The great 19th century French, proto-Austrian, economist Frédéric Bastiat elucidated this phenomenon as the "parable of the broken window" or the broken window fallacy. The fallacy spins destruction as beneficial to the economy, ignoring the opportunity costs that account for the law of unintended consequences. Or the fallacy fixates on short-term gains at the expense of the longer timeframe. 

Under the current setting, the NG doesn’t even mention the actual, implied, or opportunity costs emanating from their policies, and instead, divert the public’s focus on superficial gains.  

What they do is to brandish contrived statistics in the hope that such will be enough to change the tide.  

VII. OFW Unemployment Rate is 22.7% and Counting! Conclusion 

And despite repeated attempts to sterilize economic losses through statistical manipulations, there are too many holes to plug. 
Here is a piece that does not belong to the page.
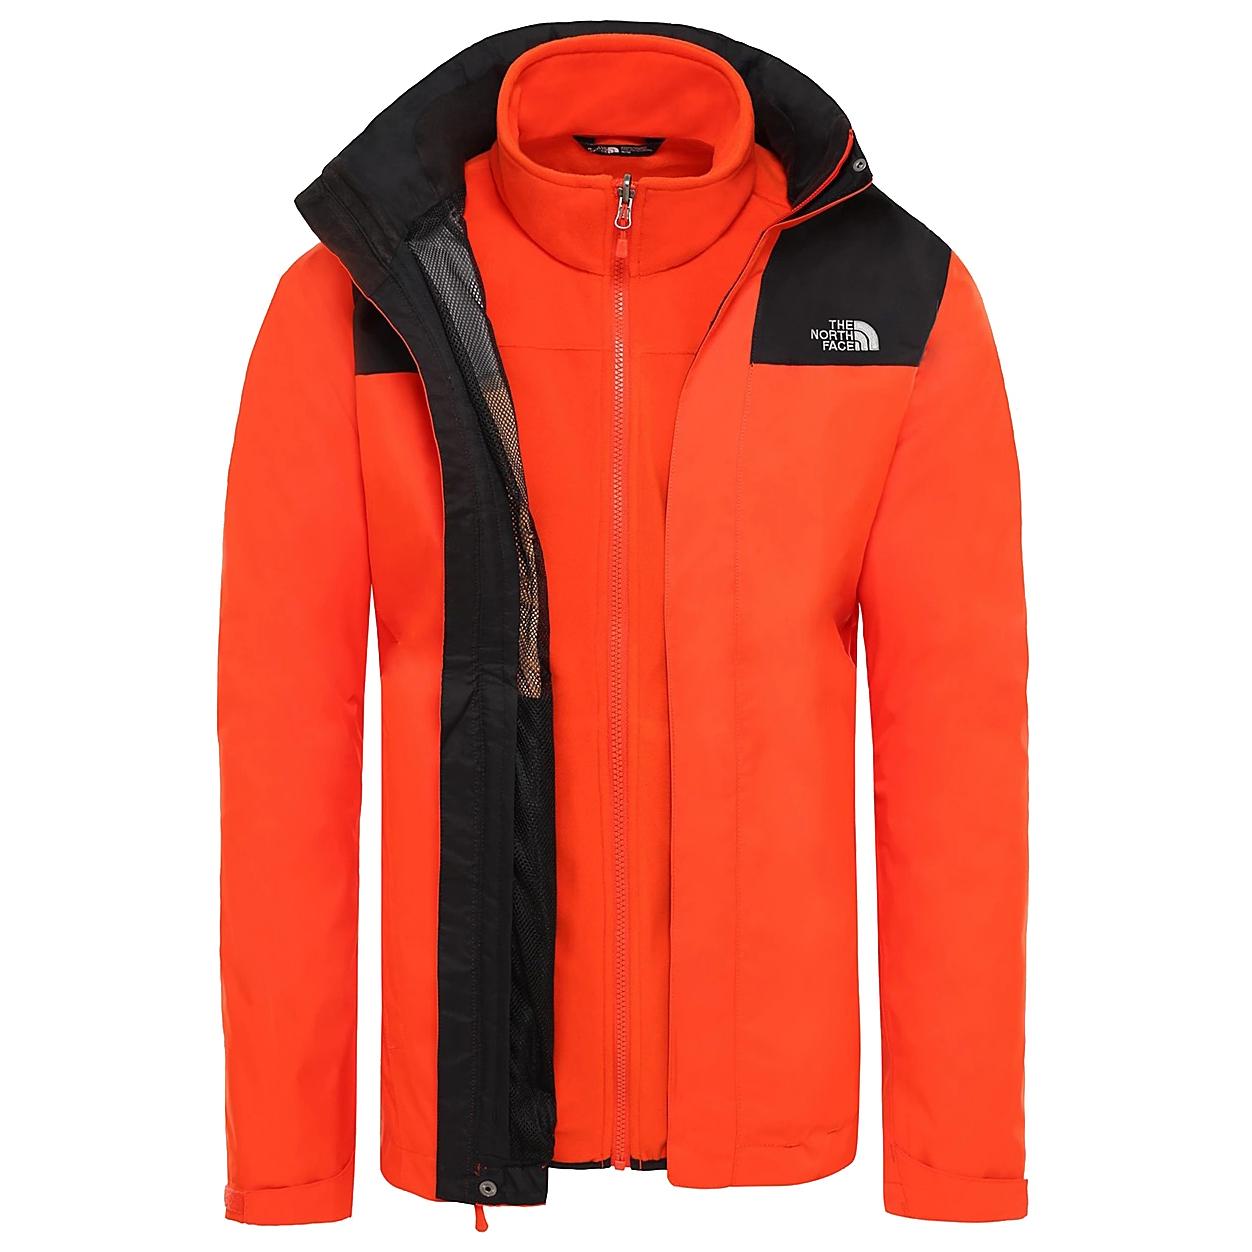 f7e98aff The North Face Evolve II Triclimate Jacket - 3 i 1-jakke Herre ...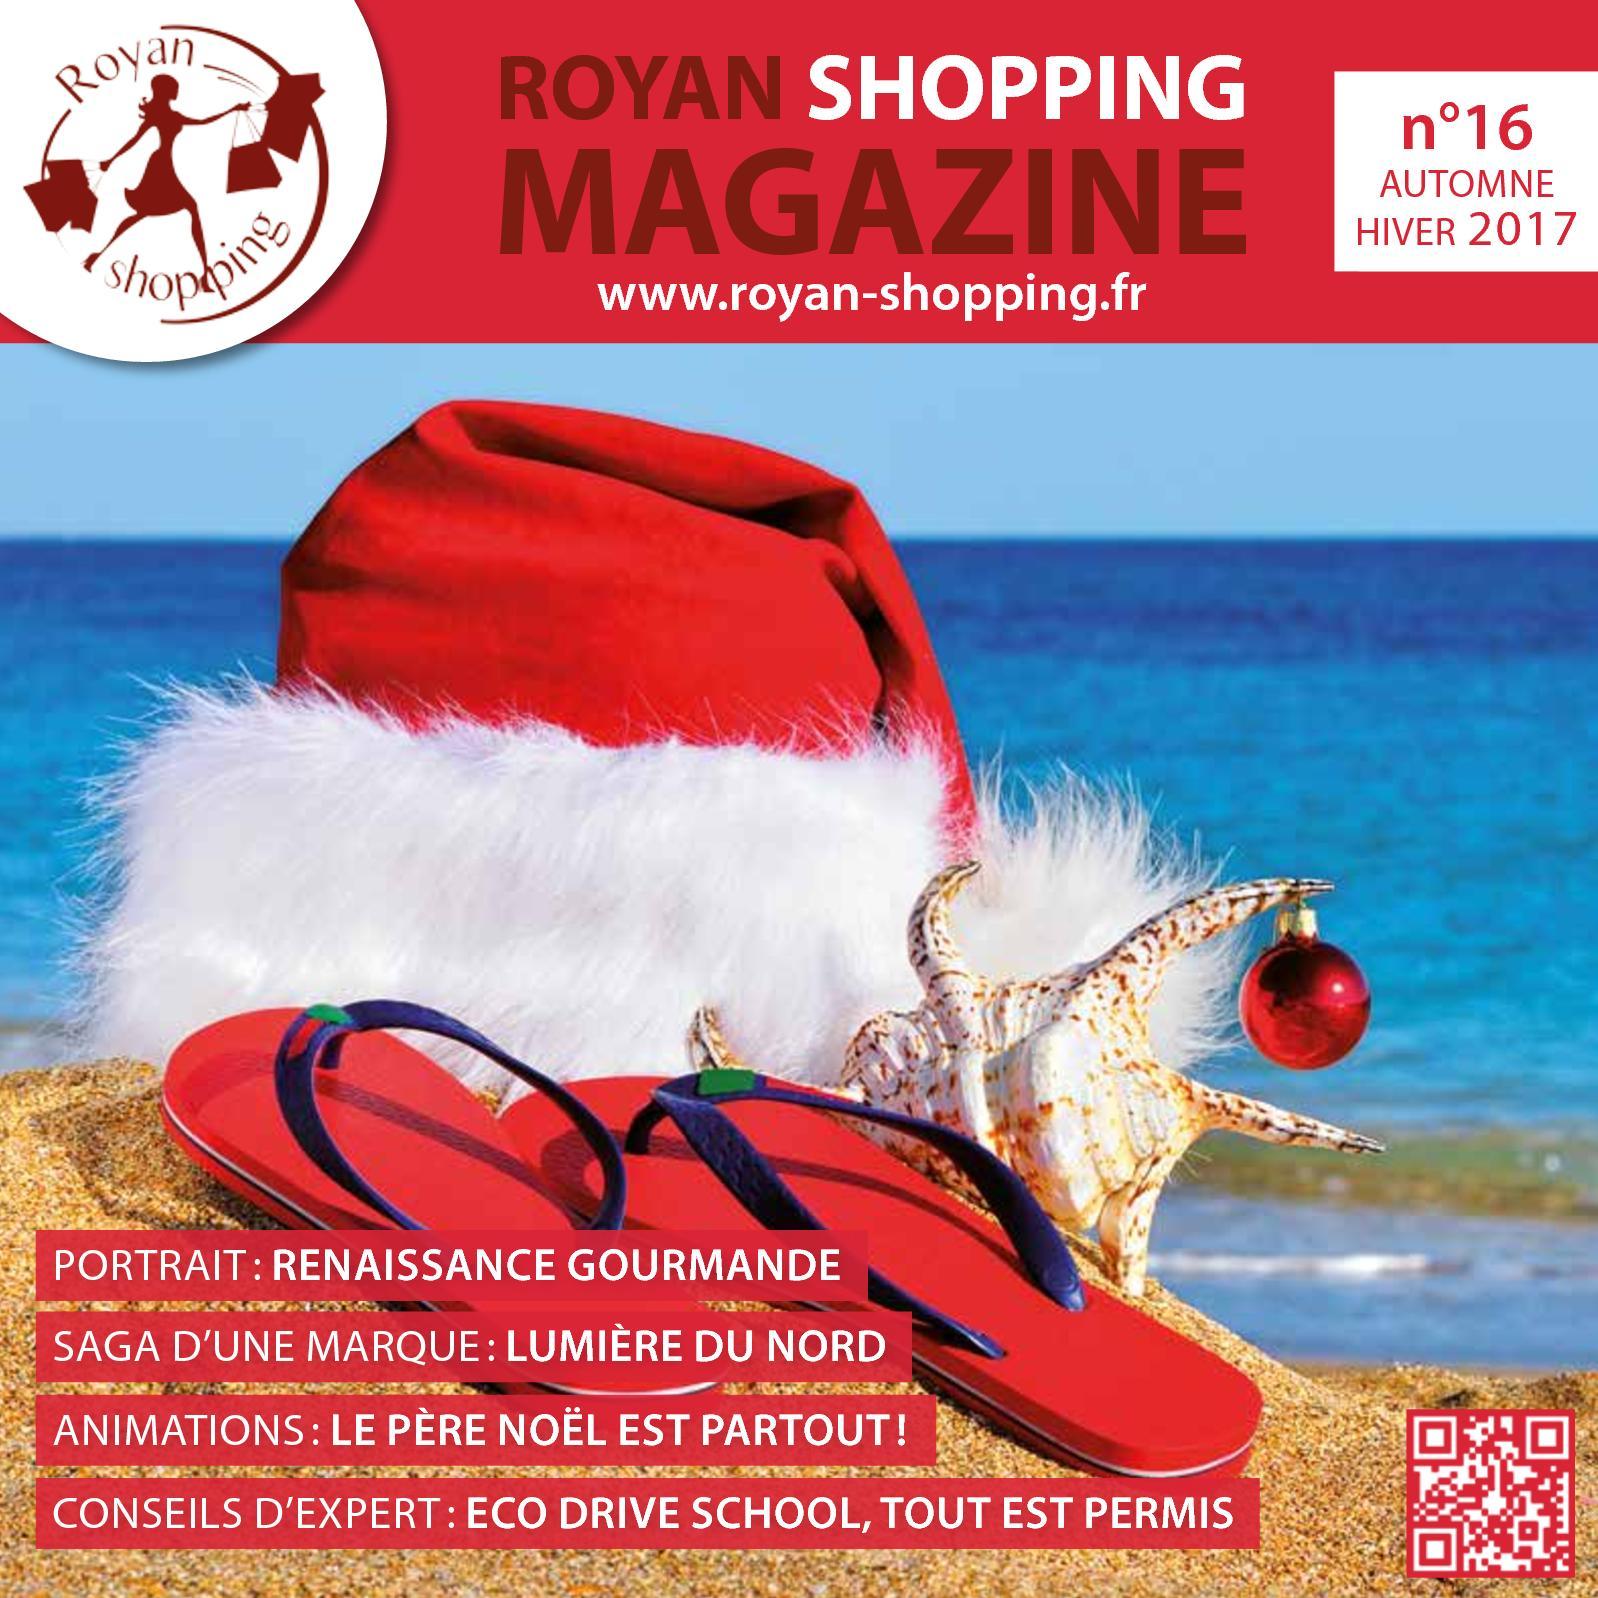 Boulanger Miroir Grossissant Frais Stock Calaméo Royan Shopping Magazine N°16

From the same CNN article: “About 500,000 overseas Filipino workers have likewise been displaced by the public health crisis, which could rise to 700,000 by yearend if the global situation does not improve, Tutay added.” 

From the Philippine Statistics Authority (June 4): Based on the results of the 2019 Survey on Overseas Filipinos, the number of Overseas Filipino Workers (OFWs) who worked abroad at any time during the period April to September 2019 was estimated at 2.2 million.  

500K divided by 2.2 million equals an OFW unemployment rate of 22.72%!  

Is the Philippines doing better than the global economy? Global GDP is projected to fall by 4.9% (IMF) or 4.3% (Fitch) in 2020. That’s better than the NG’s revised annual GDP projection of -5.5%. 

So if the Philippine economy is doing worse, why then should its employment rate outperform? Because of the magic of statistics? 

The actual jobless rate must be at least 23% or around 10.551 million.

Likewise, the July job data exhibits a trend to embellish NG’s national income statistics. Unless the global economy sputters anew, the PSA will likely ensure the outperformance of the statistical economy, the GDP.  

As pointed two years ago… 

5) The last option would be for the NG and BSP to manipulate markets and statistics in the hope that the markets will conform and comply with their political targets. 


Regardless of what they do with statistics, as Sir John Mills said As a rule, panics do not destroy capital; they merely reveal the extent to which it has been destroyed by its betrayal into hopelessly unproductive works."